Ce qui nous fait mal est beaucoup plus grand et plus fort que nous: cela nous fragilise et peut même nous aliéner. Bien souvent, nous n’avons pas la force d’agir et nous laissons agir et dominer aussi bien par ce qui cherche à nous contrôler de l’extérieur que par ce qui a pris le pouvoir à l’intérieur de nous. Le pire est quand nous ne nous en rendons même plus compte…
Alors, le combat est-il perdu d’avance?
C’est sans compter sur l’existence d ‘une ruse extraordinaire, la stratégie du détour:
L’exemple nous est donné par Persée:
Persée, le héros grec, s’est donné pour mission de tuer la Gorgone Méduse et de ramener sa tête.
Comment s’y prend-il?
Il sait qu’il ne pourra affronter le monstre seul. Aussi va -t-il faire appel à de l’aide extérieur: celle d’Athéna, la très rusée déesse de la guerre et de la justice: Athéna est présente au combat, mais n’y participe qu’indirectement; son aide vient de l’outil qu’elle offre à Persée: cet outil, c’est un bouclier d’argent, tellement poli qu’il peut servir de miroir. Athéna le place entre Persée et Méduse de telle manière que Persée n’a pas besoin de regarder son ennemi en face, et que Méduse se pétrifie en découvrant son propre reflet dans le bouclier. Persée peut alors la décapiter sans danger. Le bouclier-miroir aura été l’outil stratégique de détournement qui aura permis à Persée de sortir vainqueur.

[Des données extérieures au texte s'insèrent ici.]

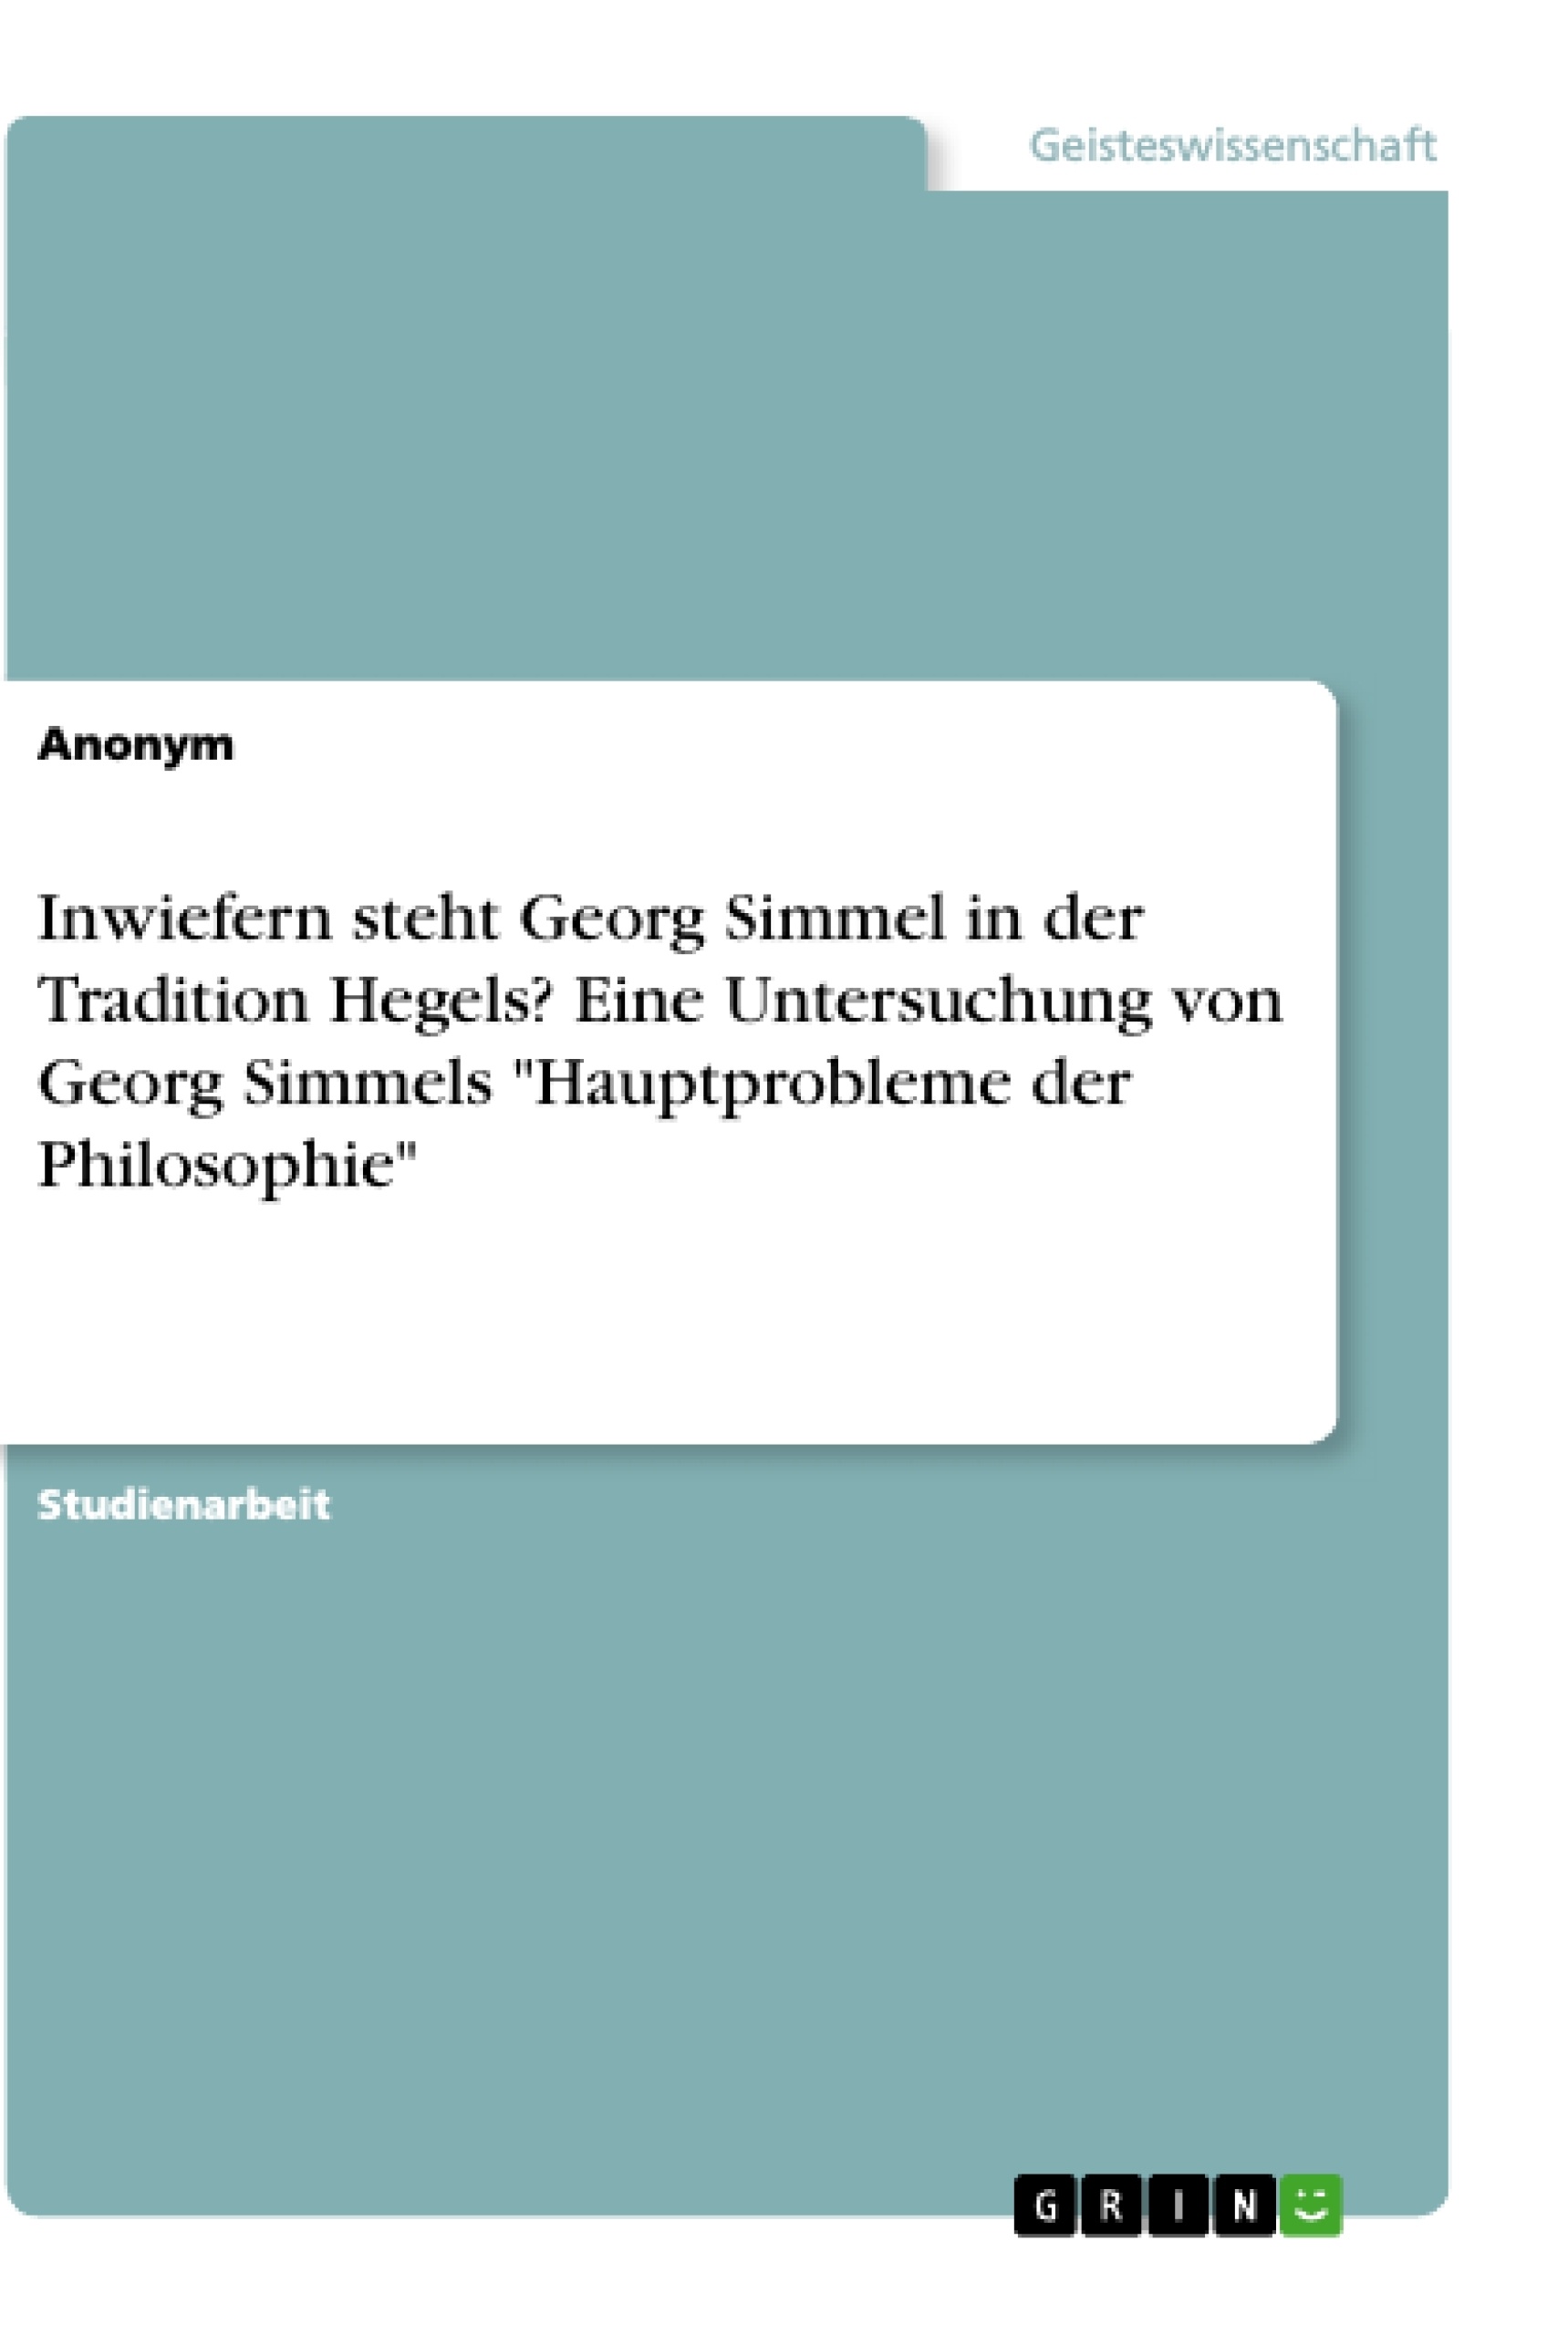 Titel: Inwiefern steht Georg Simmel in der Tradition Hegels? Eine Untersuchung von Georg Simmels "Hauptprobleme der Philosophie"

Si Méduse est vaincue, souvenons nous néanmoins qu’elle garde ses pouvoirs au-delà de la mort: sa tête sera utilisée par suite par Persée pour pétrifier de nouveaux ennemis. Mais ceci est une autre histoire. …
Un résumé: nous avons 4 instances en présence dans le combat :
Un héros: Persée
le monstre ennemi: Méduse
la présence amie: Athéna
l’outil de ruse: le bouclier d’argent, symbole de la stratégie du détour.
Mais alors, en quoi ce mythe de Persée nous sert il aujourd’hui?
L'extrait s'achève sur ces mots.